(Beginning of MATERIAL PROVIDED)
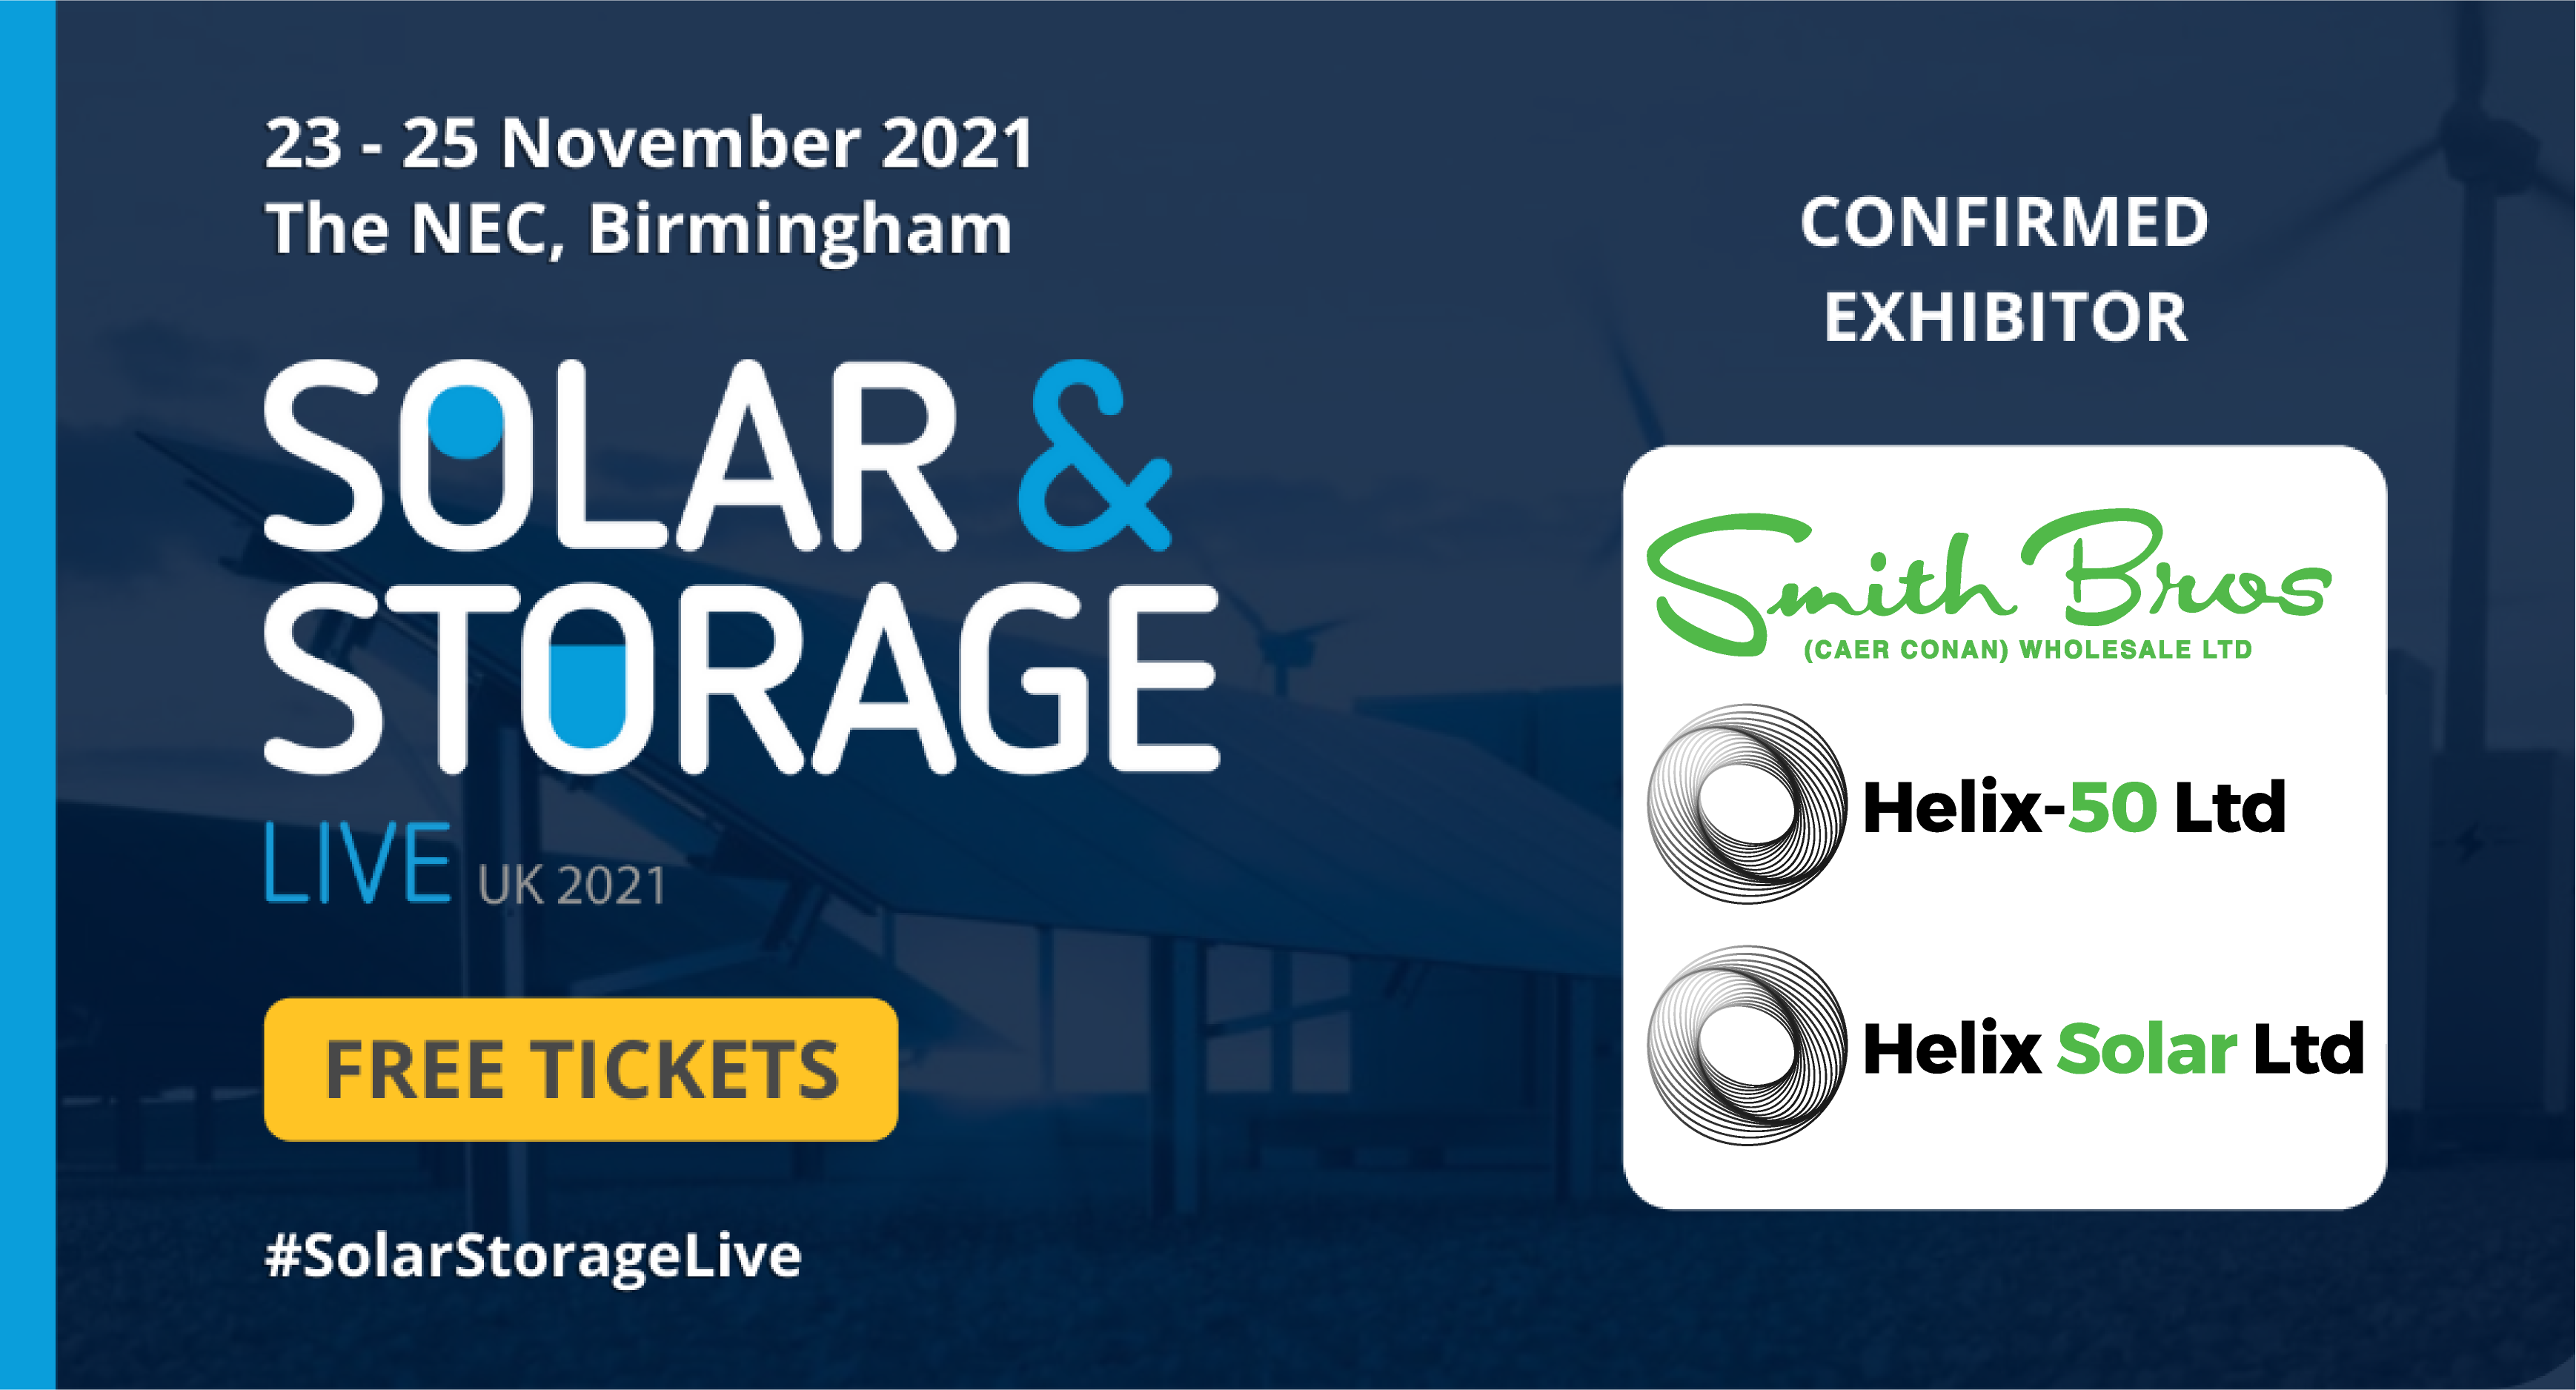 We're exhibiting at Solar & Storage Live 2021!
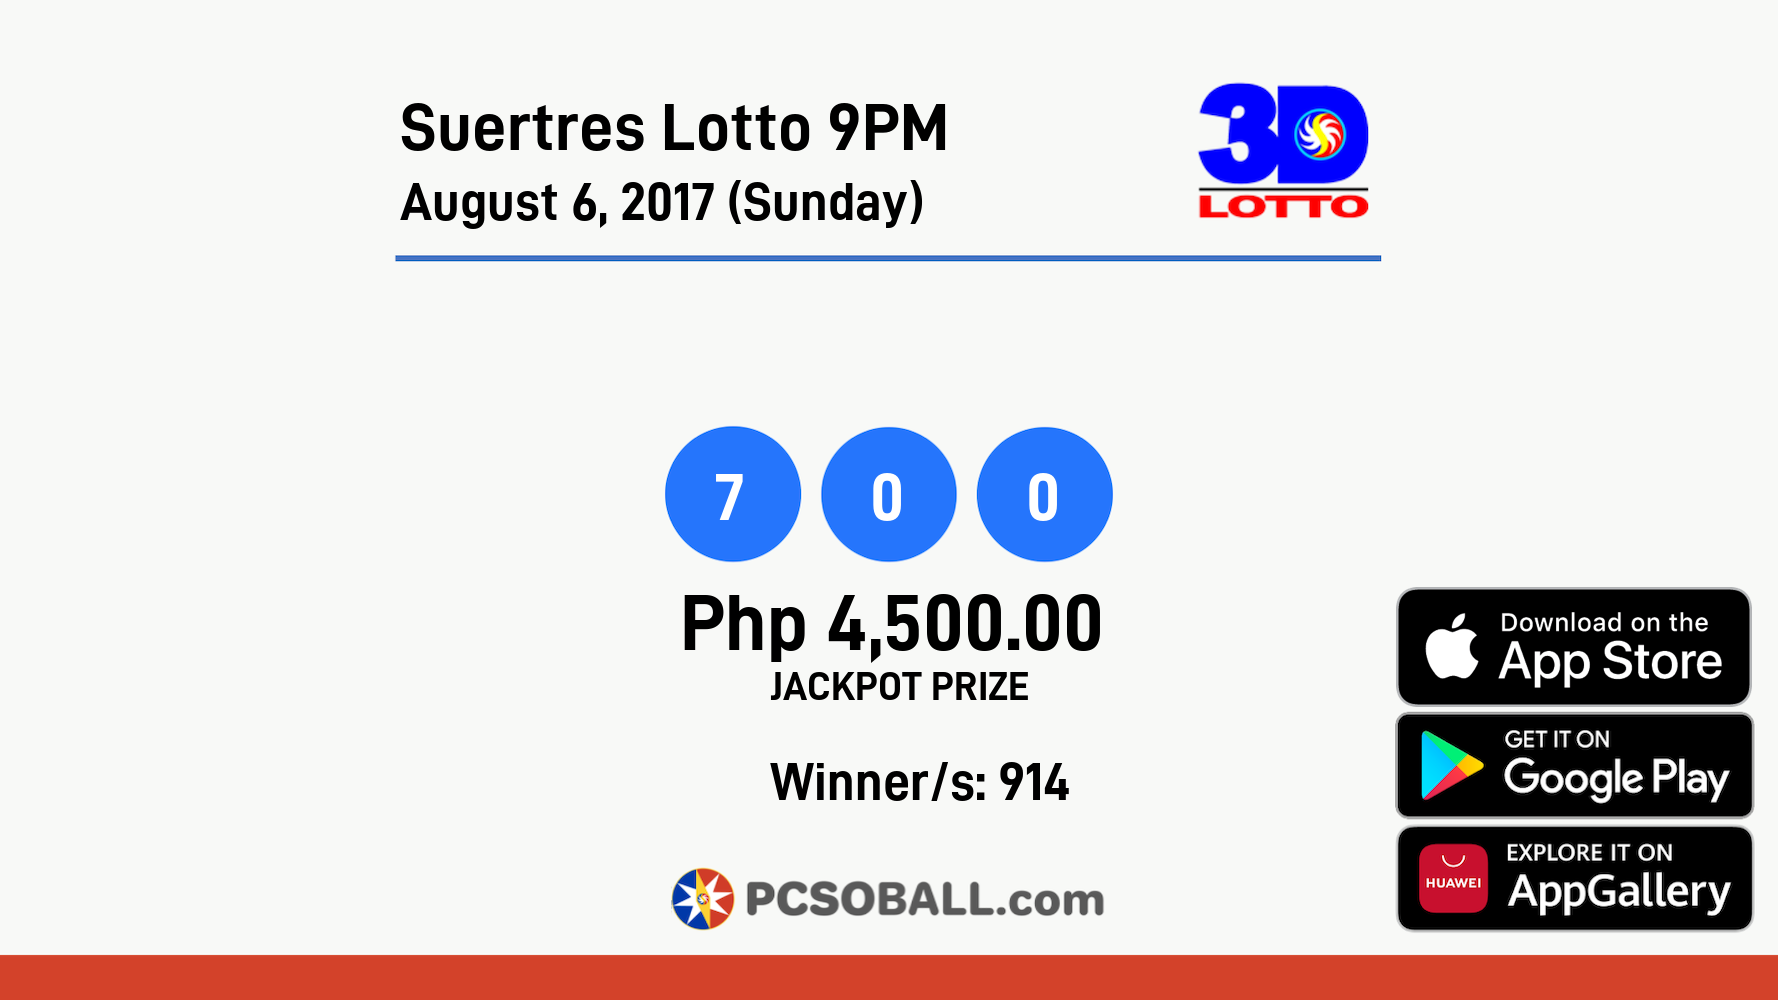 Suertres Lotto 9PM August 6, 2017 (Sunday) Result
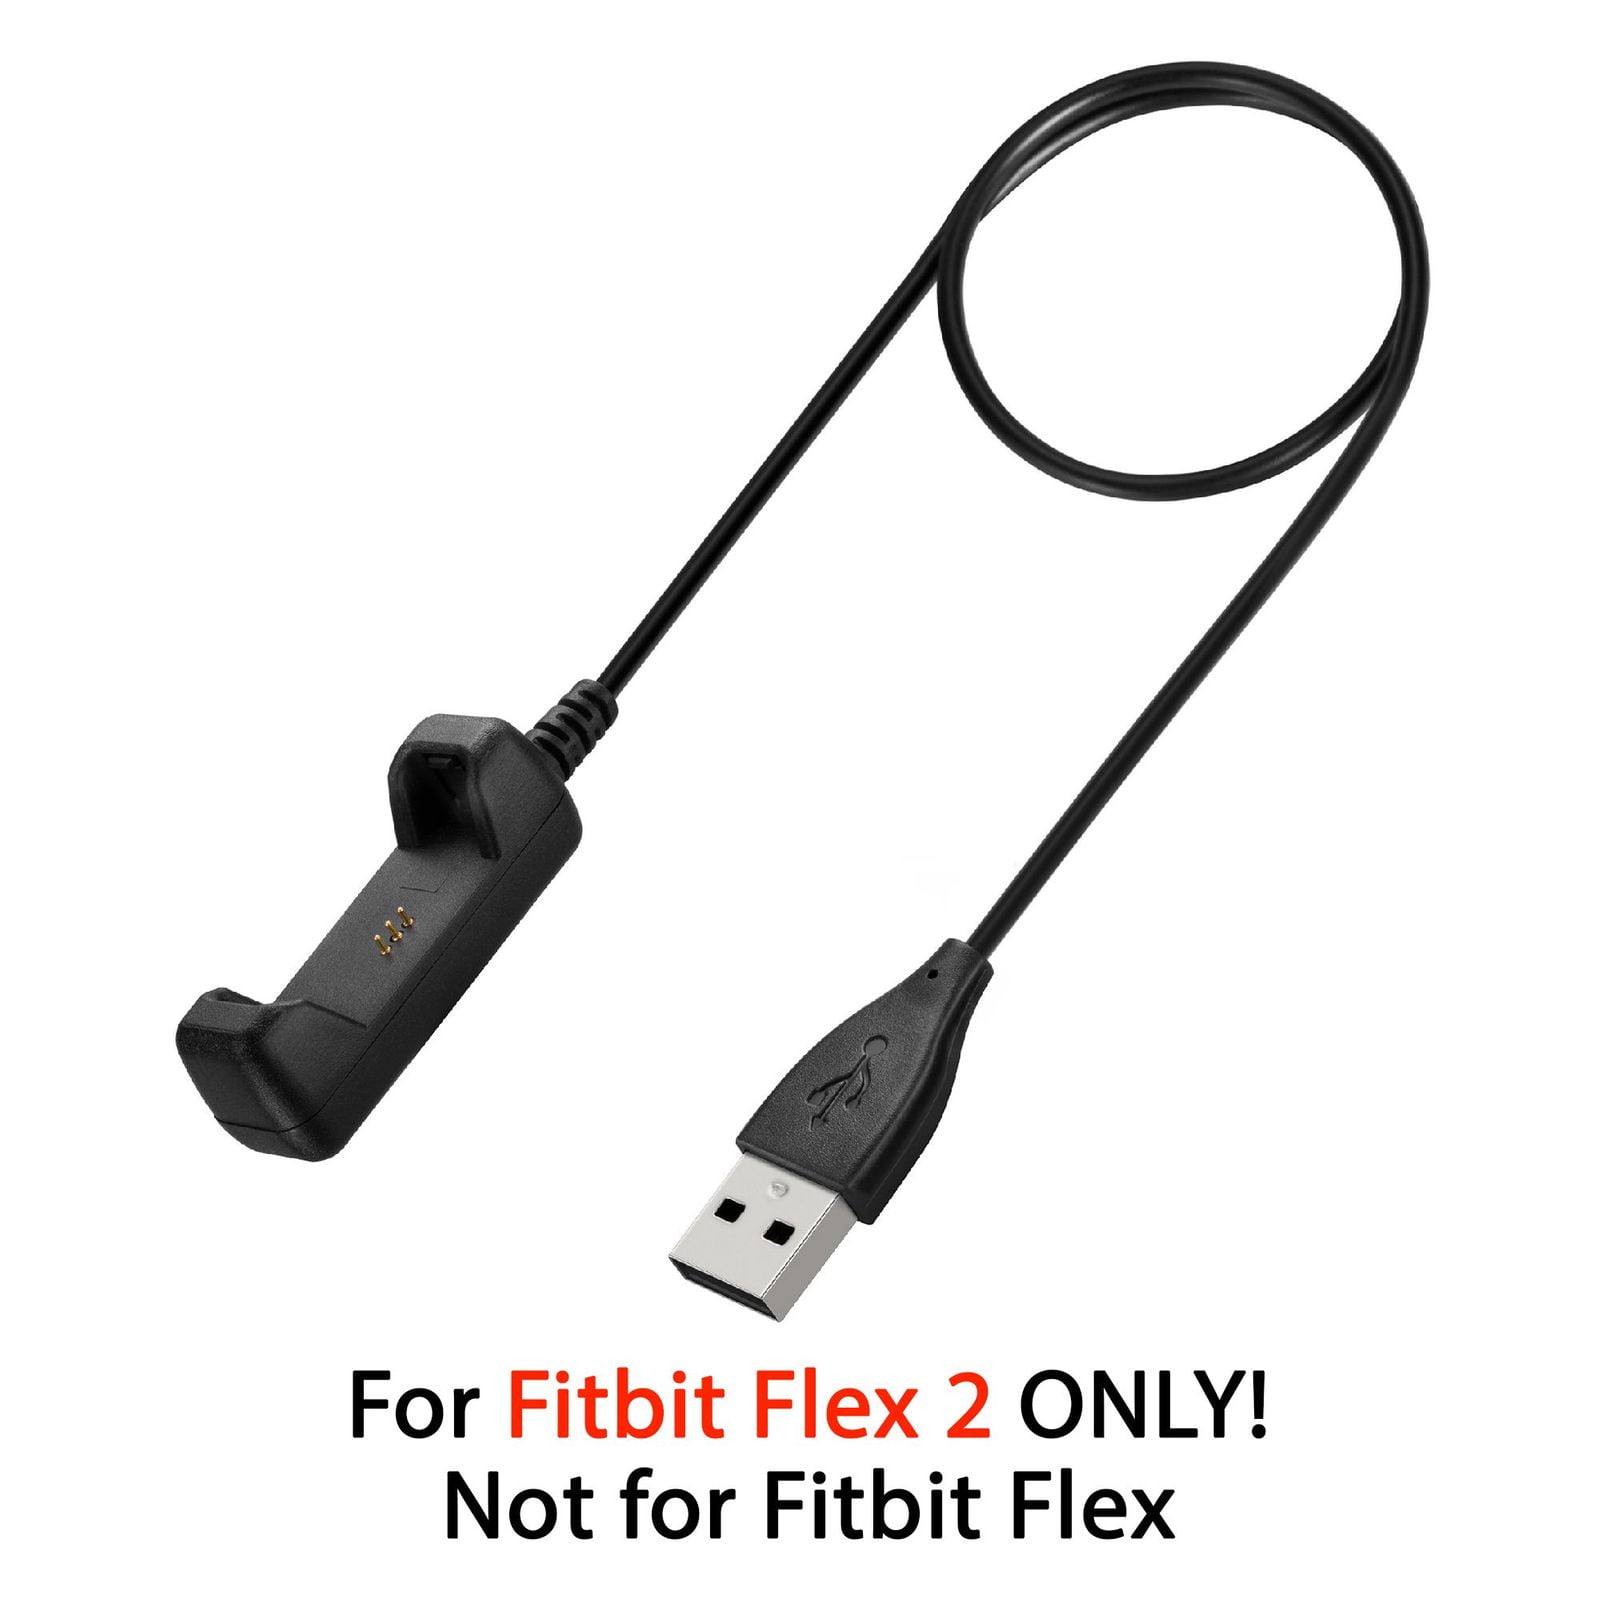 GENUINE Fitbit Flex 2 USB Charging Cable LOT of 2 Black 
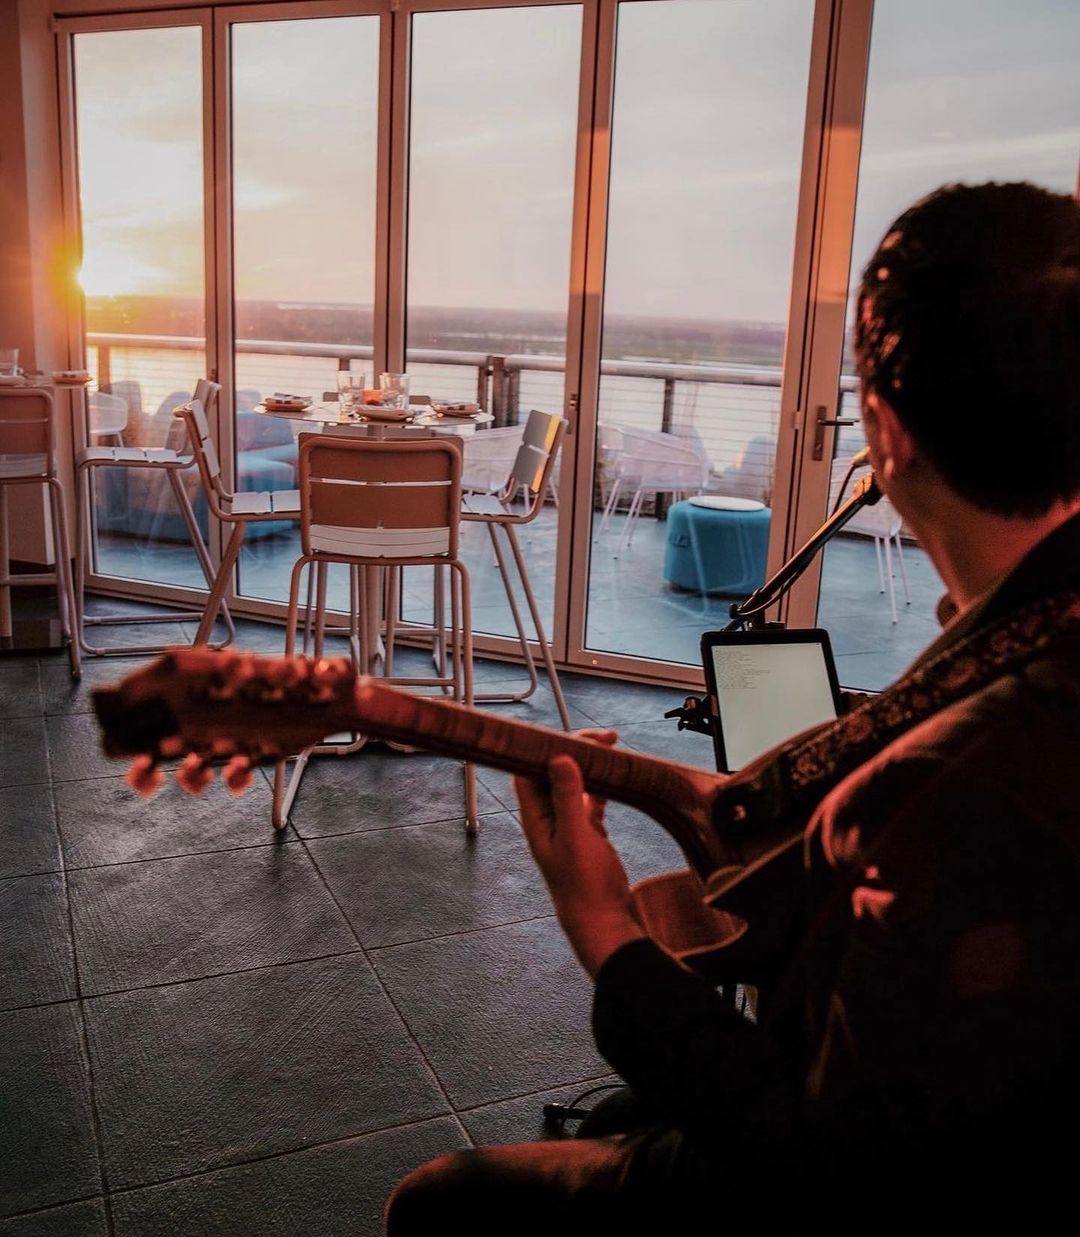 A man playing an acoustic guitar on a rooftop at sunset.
(End of MATERIAL PROVIDED)
ASSIGNMENT: Nothing but the lines from the line with "Suertres Lotto 9PM" through the last line of the listing above should be repeated, and pictures should be left out.

ANSWER TO THIS TASK:
 Suertres Lotto 9PM August 6, 2017 (Sunday) Result
 GENUINE Fitbit Flex 2 USB Charging Cable LOT of 2 Black 
 A man playing an acoustic guitar on a rooftop at sunset.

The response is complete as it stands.